START COLLECTED DATA
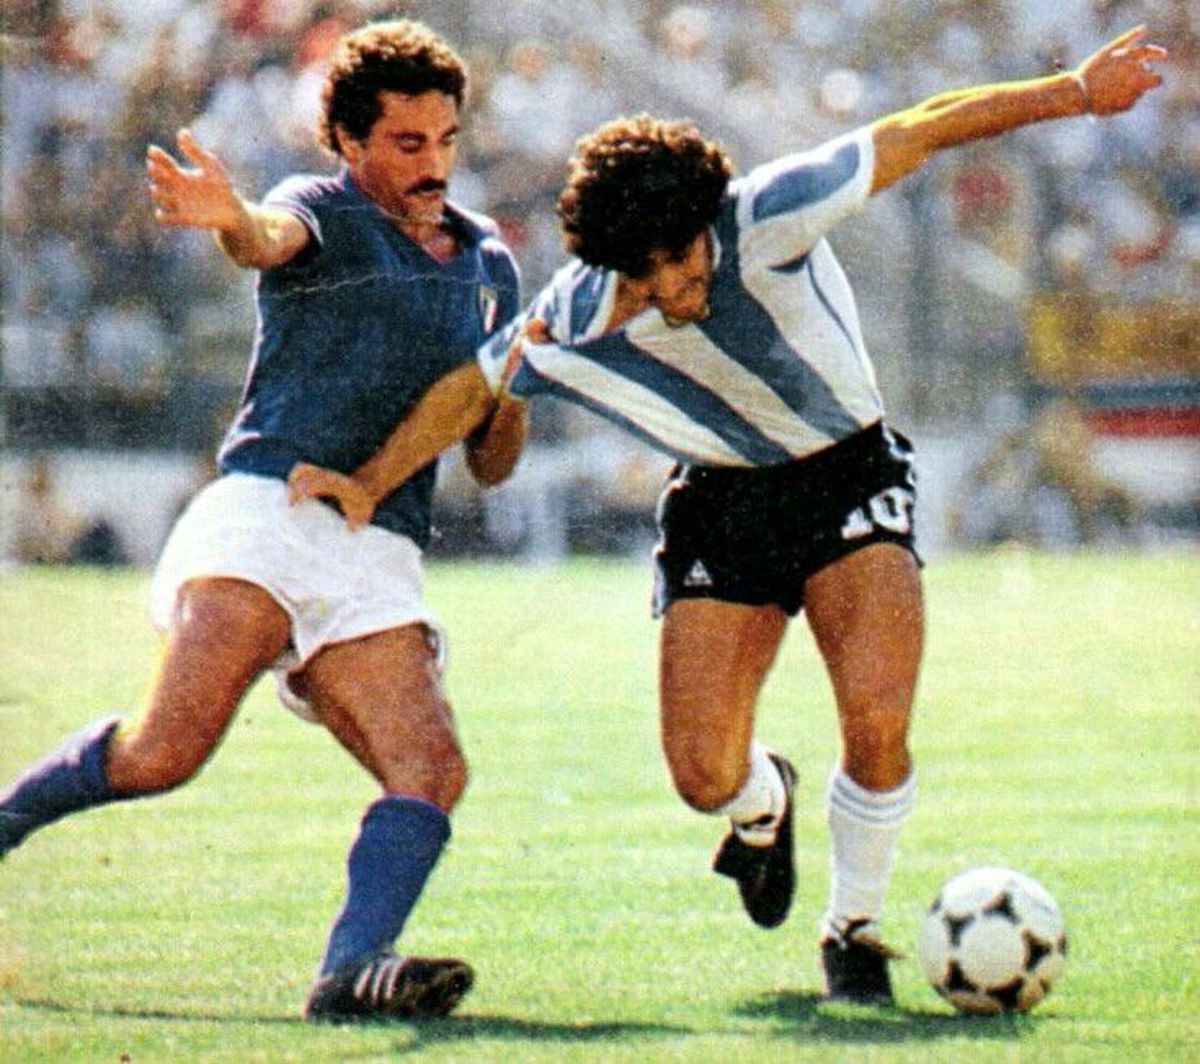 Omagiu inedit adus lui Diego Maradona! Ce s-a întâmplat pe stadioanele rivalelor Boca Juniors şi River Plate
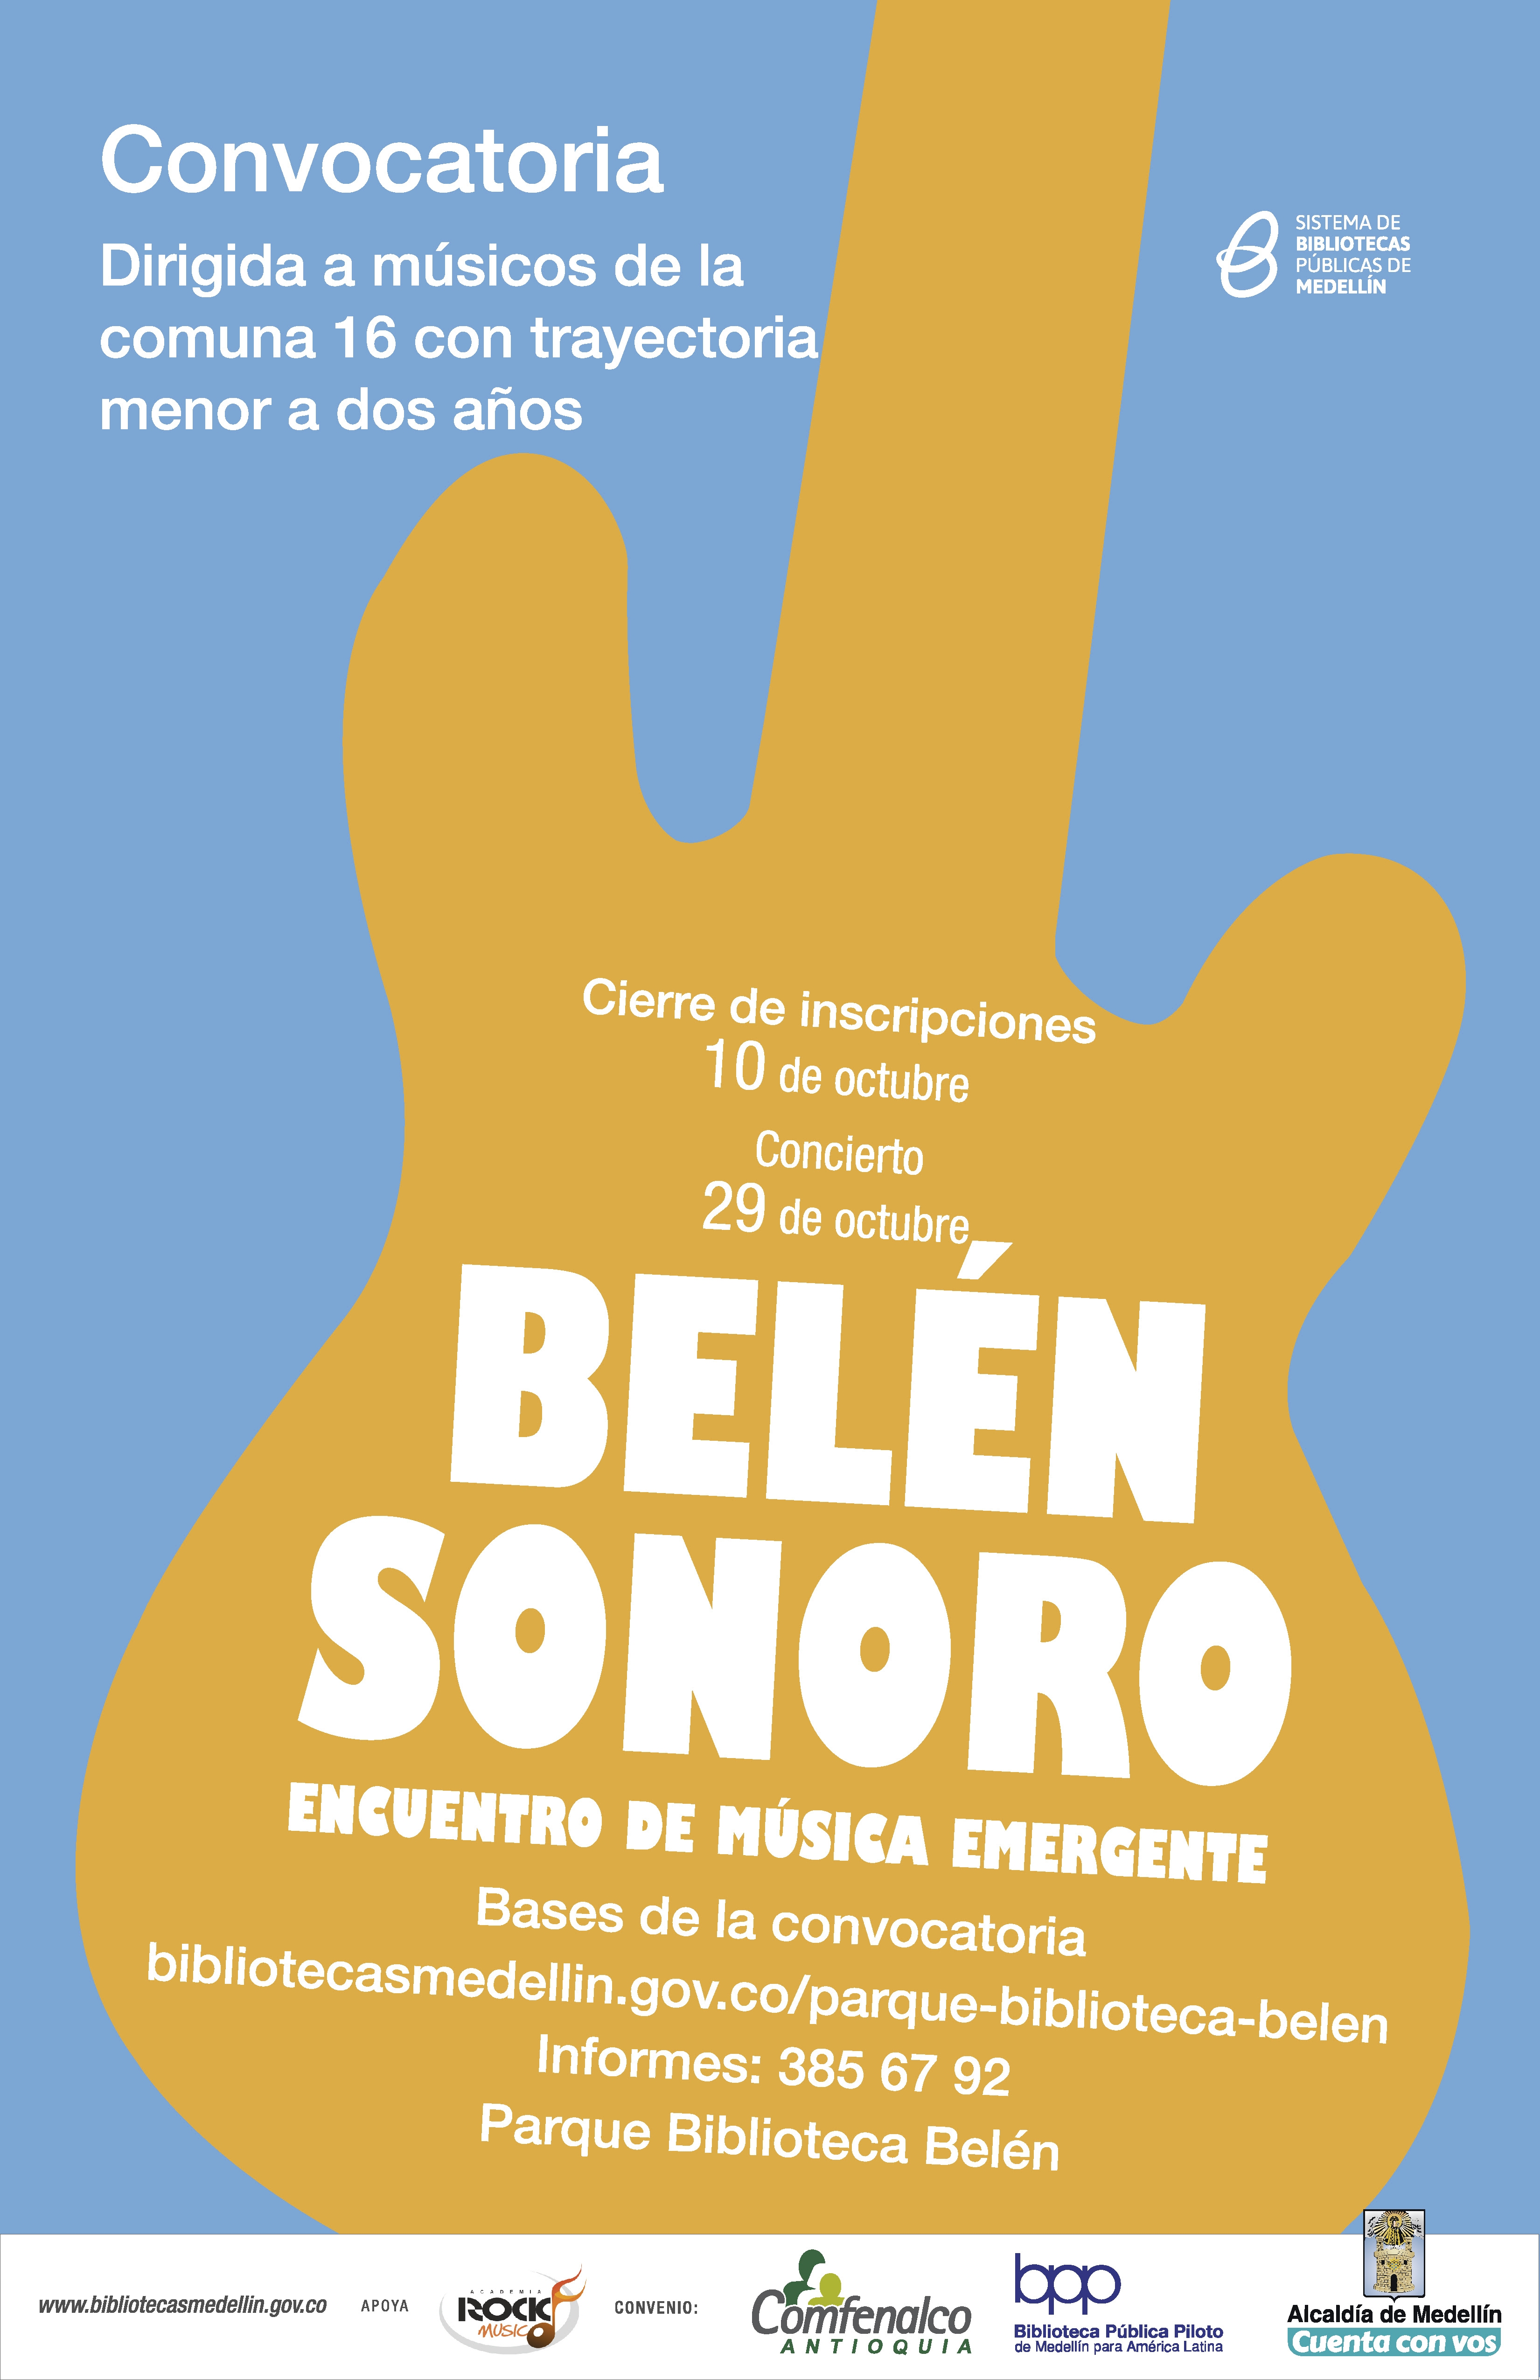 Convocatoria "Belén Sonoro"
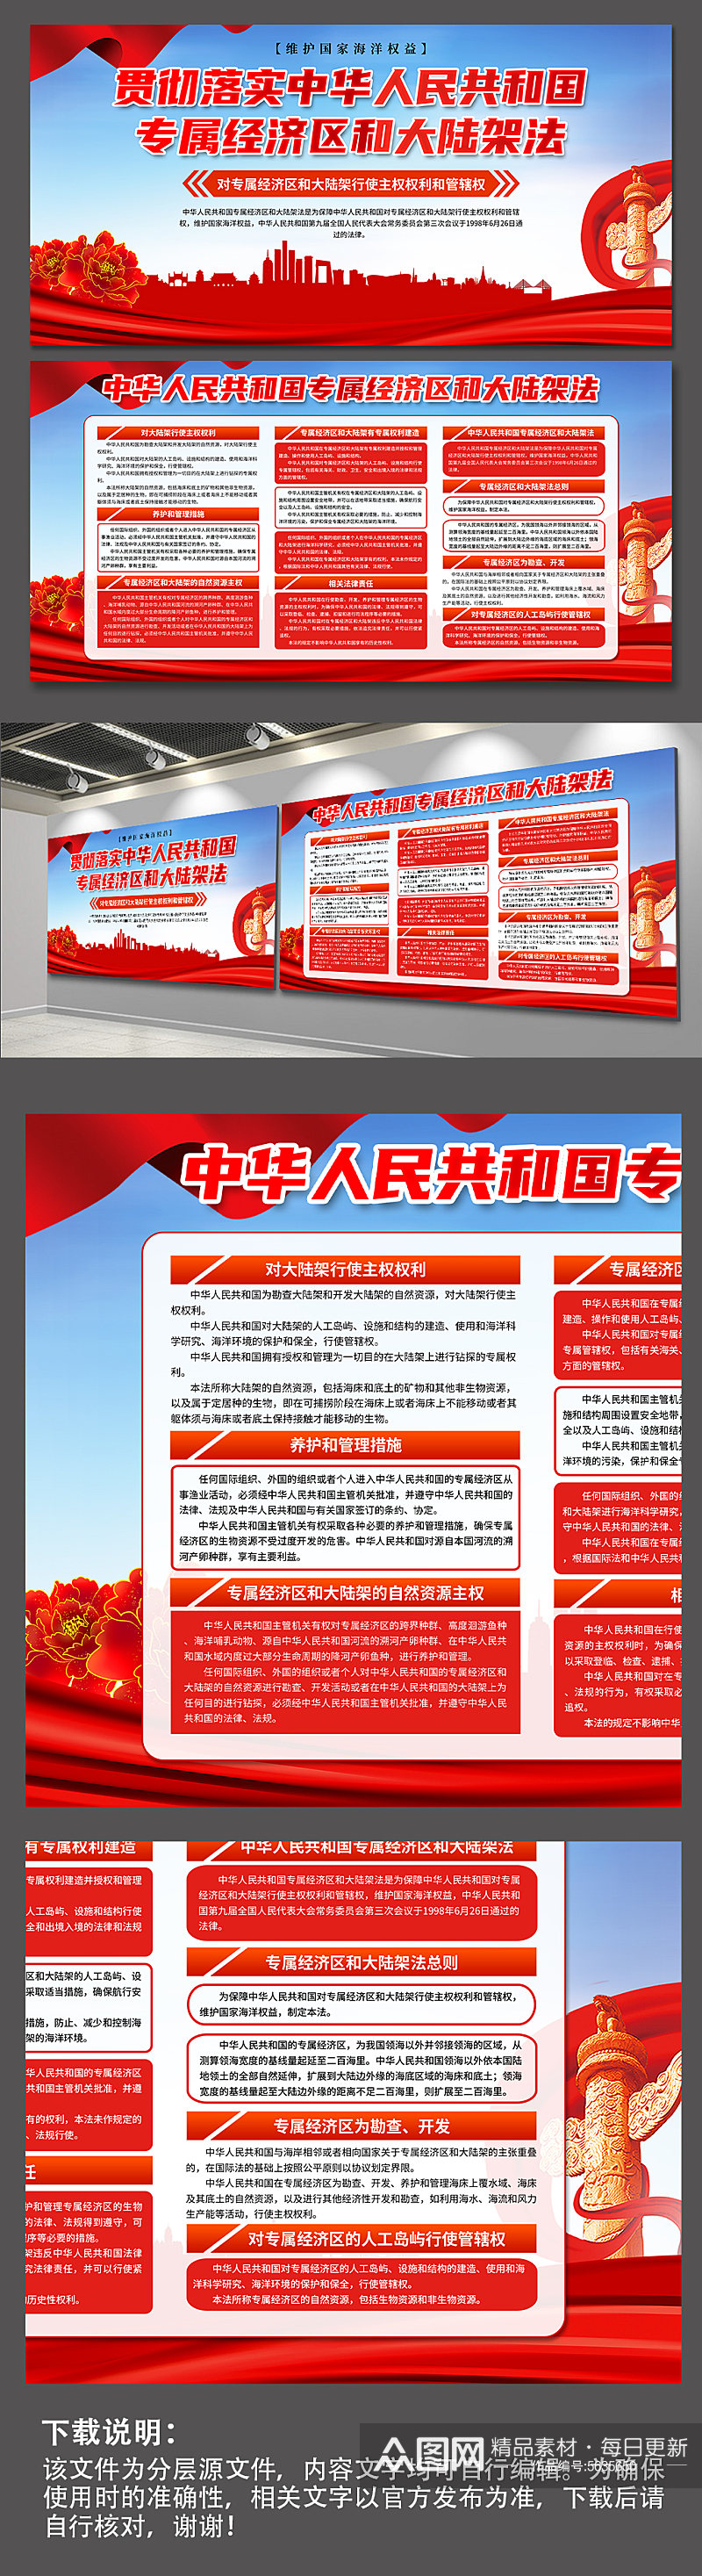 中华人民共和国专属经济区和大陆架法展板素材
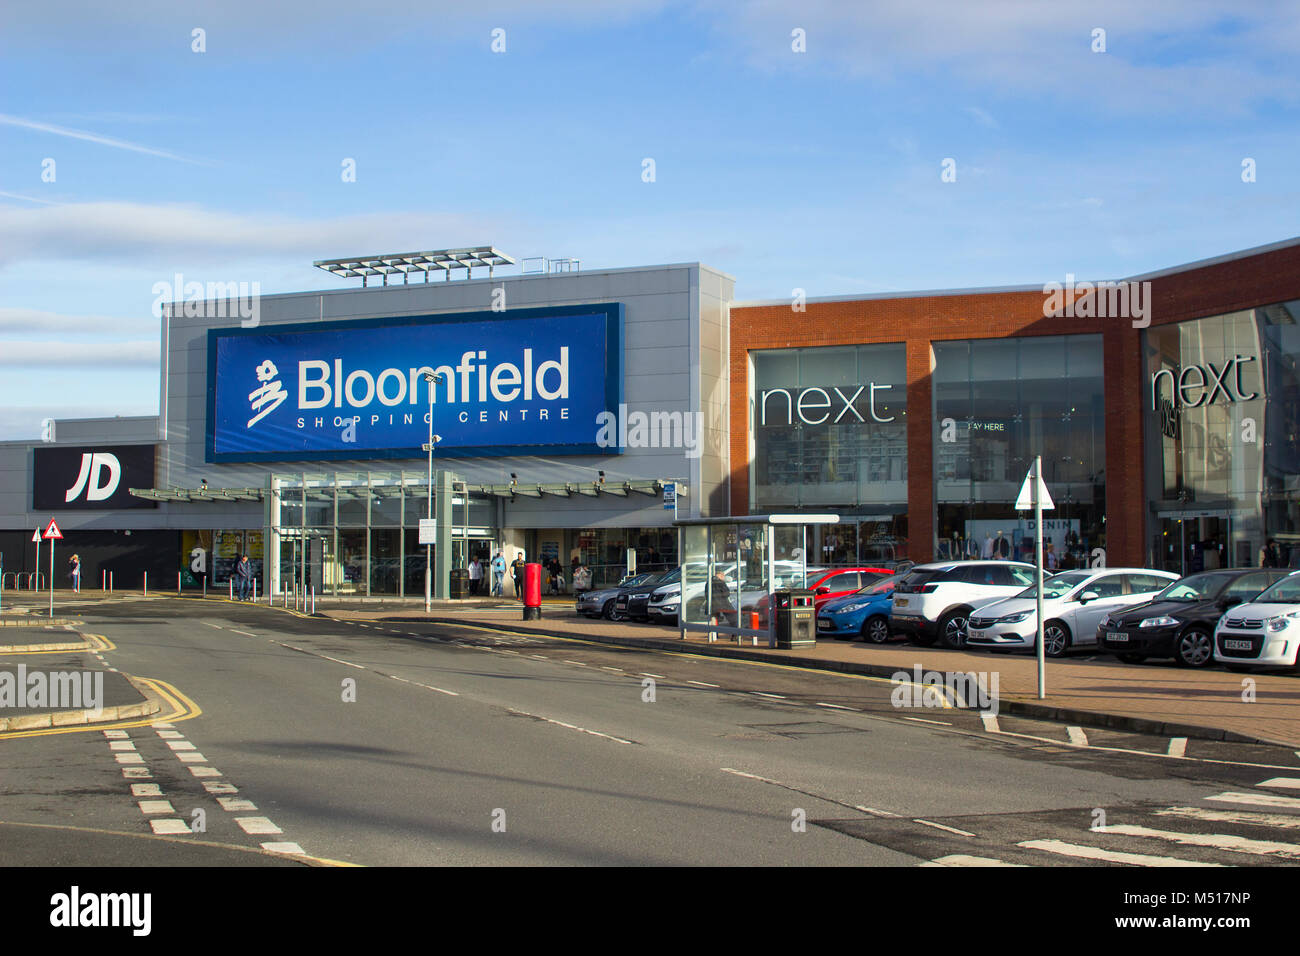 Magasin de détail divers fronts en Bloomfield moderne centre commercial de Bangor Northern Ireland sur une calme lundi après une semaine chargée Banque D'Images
END COLLECTED DATA
WORK INSTRUCTIONS: Each line above should be set down exactly as written, with pictures excluded.

PROBLEM SOLUTION:
 Omagiu inedit adus lui Diego Maradona! Ce s-a întâmplat pe stadioanele rivalelor Boca Juniors şi River Plate
 Convocatoria "Belén Sonoro"
 中华人民共和国专属经济区和大陆架法展板素材
 Magasin de détail divers fronts en Bloomfield moderne centre commercial de Bangor Northern Ireland sur une calme lundi après une semaine chargée Banque D'Images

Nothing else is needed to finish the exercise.